Start of Data supplied
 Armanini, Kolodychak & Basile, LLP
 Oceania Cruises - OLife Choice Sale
End of Data supplied
Start of Data supplied
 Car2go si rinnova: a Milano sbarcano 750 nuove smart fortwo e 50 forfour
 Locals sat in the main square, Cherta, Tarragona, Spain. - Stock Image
End of Data supplied
Working from the material above, restate word for word the lines between the line with "Armanini, Kolodychak & Basile, LLP" and the line with "Oceania Cruises - OLife Choice Sale", both included, and only those.

▸ **Task result**:
 Armanini, Kolodychak & Basile, LLP
 Oceania Cruises - OLife Choice Sale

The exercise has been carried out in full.